Plaintiff initially instituted an action on June 26, 2012 by making a motion for summary judgment in lieu of complaint. This Court, in an order dated February 6, 2013 dismissed Plaintiff's motion for summary judgment. See Paf-Par LLC v. Michael Silberberg et al, 652243/2012 (Oing, J.). The court held that "plaintiff [could not] establish the existence of a debt for the very simple reason that the debt [had been] discharged pursuant to the terms of the loan modification agreement and pay off letter, and therefore plaintiff's claim for enforcement of a guarantee fail[ed]." Id. The court went on to hold that the underlying debt was "not merely reduced, but discharged by way of modification and by way of the borrower's payment under the loan modification of $11 million." Id.

The Appellate Division, First Department affirmed the decision and order of the court. Specifically, the First Department held that the language of the guaranty "[could not] operate to make the guarantor liable for more than what the primary obligor was obligated to pay and did pay." Paf-Par LLC v. Silberberg, 118 A.D.3d 446, 446 (1st Dept 2014). The First Department also concluded that plaintiff failed to establish standing. Id. at 446-47. The Court of Appeals granted leave to appeal and affirmed the First Department with costs, holding that "in this action pursuant to CPLR 3213, Paf-Par LLC failed to demonstrate standing to maintain the action." Paf-Par LLC v. Silberberg, 24 N.Y.3d 910 (2014) (together with the prior related decisions, "Paf-Par I").

Substantive Facts

In July 2007, seven limited liability companies (the "Borrower") borrowed $13 million from CAD Funding LLC ("CAD"), Plaintiff's predecessor-in-interest. Borrower and CAD entered into a Promissory Note, dated July 14, 2006, and was secured by properties in and around Syracuse, New Yok. In order to secure this loan, CAD required Michael Silberberg and Berel Karniol (together, the "Defendants") to execute a Guaranty, dated July 14, 2006 (the "Guaranty"). Neither party disputes that, by the terms of the Guaranty, Defendants made a joint and several promise to repay $13 million in "Guaranteed Obligations," meaning all of Borrower's obligations under the Loan Documents which included the "Security Instrument, the Note, the Assignment, and any and all other agreements, instruments, certificates, or documents executed and delivered by borrower ... in connection with the Loan." Guaranty, §1.2; see also Mortgage, Security Agreement, Assignment of Rents and Fixture Filing, dated July 14, 2006.

Therefore, the Guaranty is allegedly Defendant's separate obligation to repay the Guaranteed Obligations. See Guaranty, §1.1 (Defendants "absolutely, irrevocably and unconditionally guarantee to Lender (and its successors and assigns), jointly and severally, the payment and performance of the Guaranteed Obligations ..."). According to Plaintiff, Defendants' liability under the Guaranty is independent of the Note and is fixed at $13 million unless the Guaranty itself—and no other loan document—is modified in writing.

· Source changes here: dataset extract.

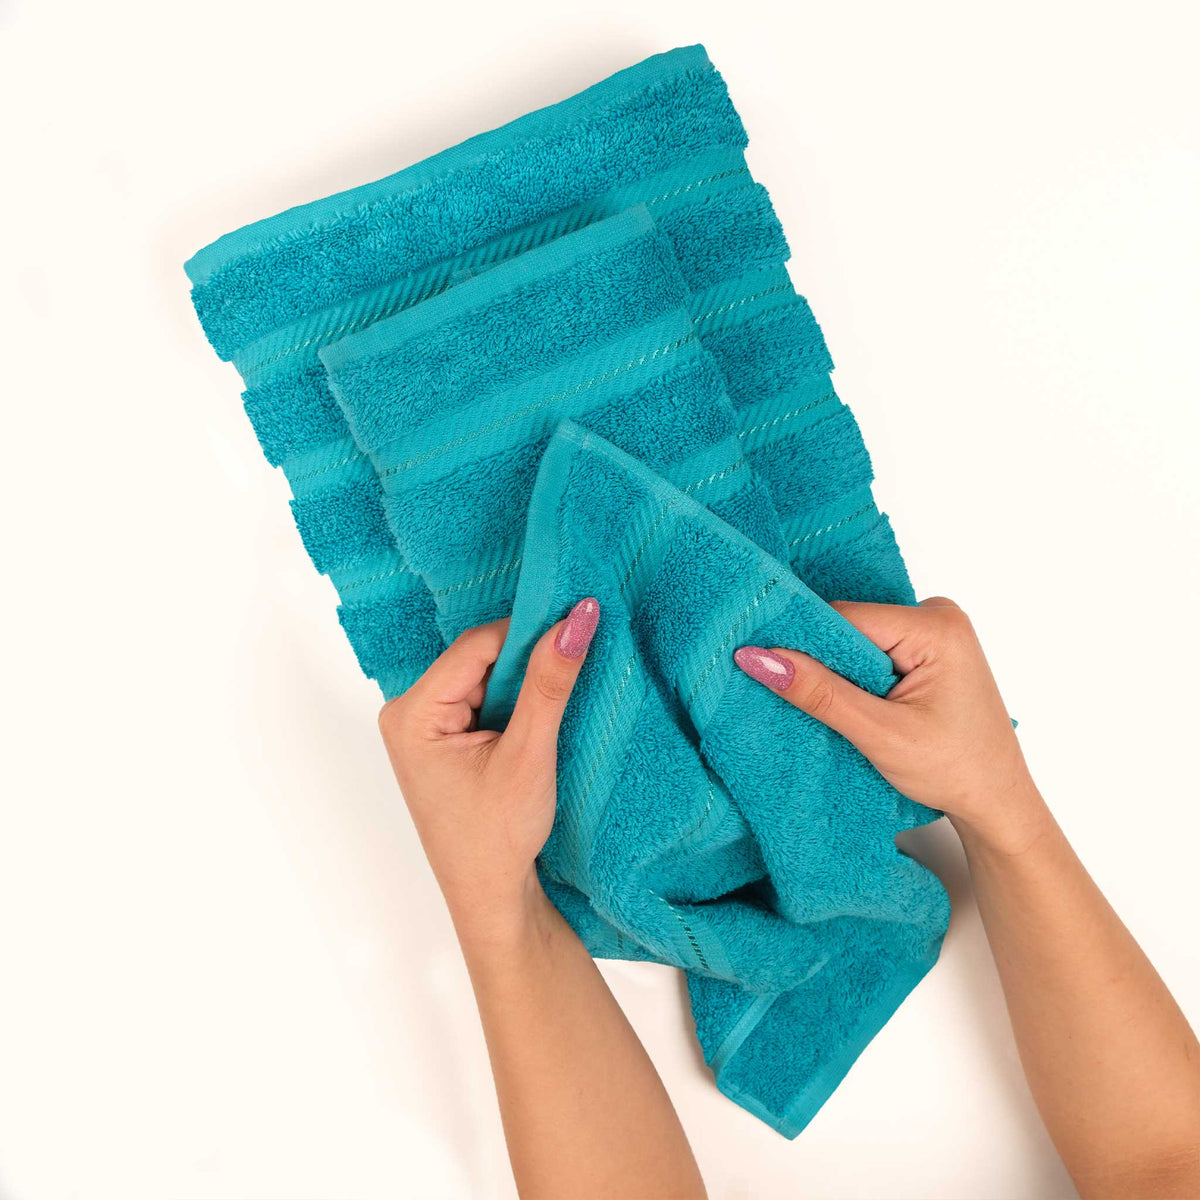 https://americansoftlinen.com/cdn/shop/articles/American-Soft-Linen-6-Piece-Turkish-Cotton-Bath-Towel-Set-Aqua-Blue-5.jpg?crop=center&height=1200&v=1695908215&width=1200

See Guaranty, §5.5. Defendants claim that because the "Guaranteed Obligations" are defined in the Guaranty to include the borrowers' obligations under the Loan Documents, and "Loan Documents" are defined in the Security Instrument as including the Promissory Note, then the Guaranty thereby covers any modified "Promissory Note," which defines itself to include any modifications thereof.

The parties agree that on December 16, 2008, one of the properties securing the mortgage was sold and the sum of $1 million was paid by the Borrowers to the lender and the outstanding principal was reduced to $12 million. See Silberberg Aff. ¶6. On or about July 24, 2009, the parties executed a Loan Modification and Extension Agreement (the "Modification Agreement"), under which the principal amount due under the Promissory Note was reduced to $11 million, provided that defendants paid the loan in full and $1 million upon the signing of the Modification Agreement.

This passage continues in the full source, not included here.